The paper tackled the problem of generating vibration signals using diffusion models, which had not been previously explored, and proposed the Time Series Diffusion Method (TSDM) with an improved U-net architecture. The results showed that TSDM accurately generated frequency features and improved small sample fault diagnosis accuracy by up to 32.380%, 18.355%, and 9.298% on three bearing fault datasets.

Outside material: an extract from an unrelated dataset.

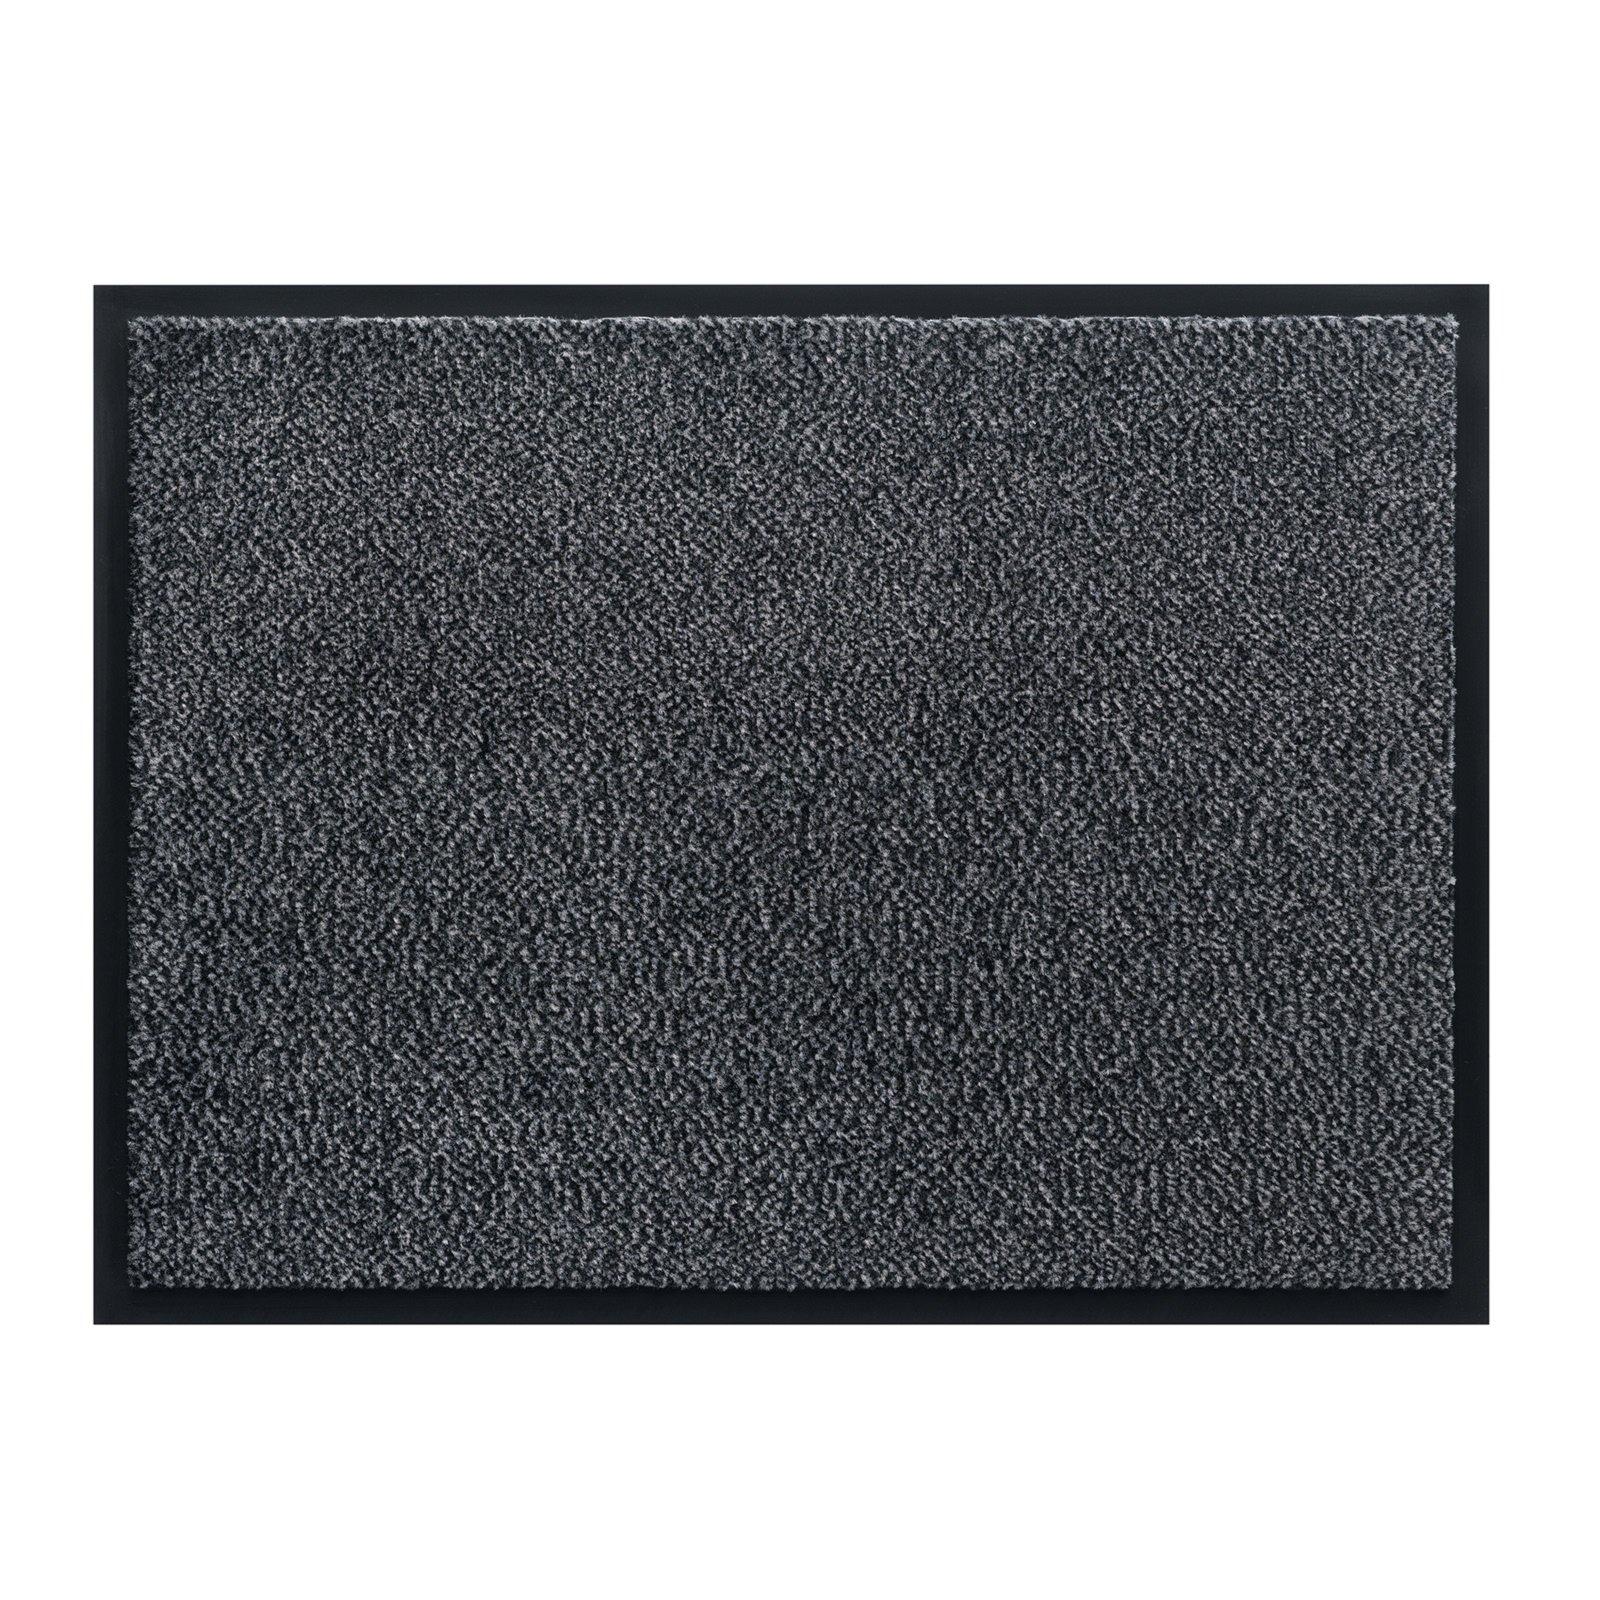 Fußmatte MARS - anthrazit - 60x80 cm

Diffusion models have demonstrated powerful data generation capabilities in various research fields such as image generation. However, in the field of vibration signal generation, the criteria for evaluating the quality of the generated signal are different from that of image generation and there is a fundamental difference between them. At present, there is no research on the ability of diffusion model to generate vibration signal. In this paper, a Time Series Diffusion Method (TSDM) is proposed for vibration signal generation, leveraging the foundational principles of diffusion models. The TSDM uses an improved U-net architecture with attention block, ResBlock and TimeEmbedding to effectively segment and extract features from one-dimensional time series data. It operates based on forward diffusion and reverse denoising processes for time-series generation. Experimental validation is conducted using single-frequency, multi-frequency datasets, and bearing fault datasets. The results show that TSDM can accurately generate the single-frequency and multi-frequency features in the time series and retain the basic frequency features for the diffusion generation results of the bearing fault series. It is also found that the original DDPM could not generate high quality vibration signals, but the improved U-net in TSDM, which applied the combination of attention block and ResBlock, could effectively improve the quality of vibration signal generation. Finally, TSDM is applied to the small sample fault diagnosis of three public bearing fault datasets, and the results show that the accuracy of small sample fault diagnosis of the three datasets is improved by 32.380%, 18.355% and 9.298% at most, respectively.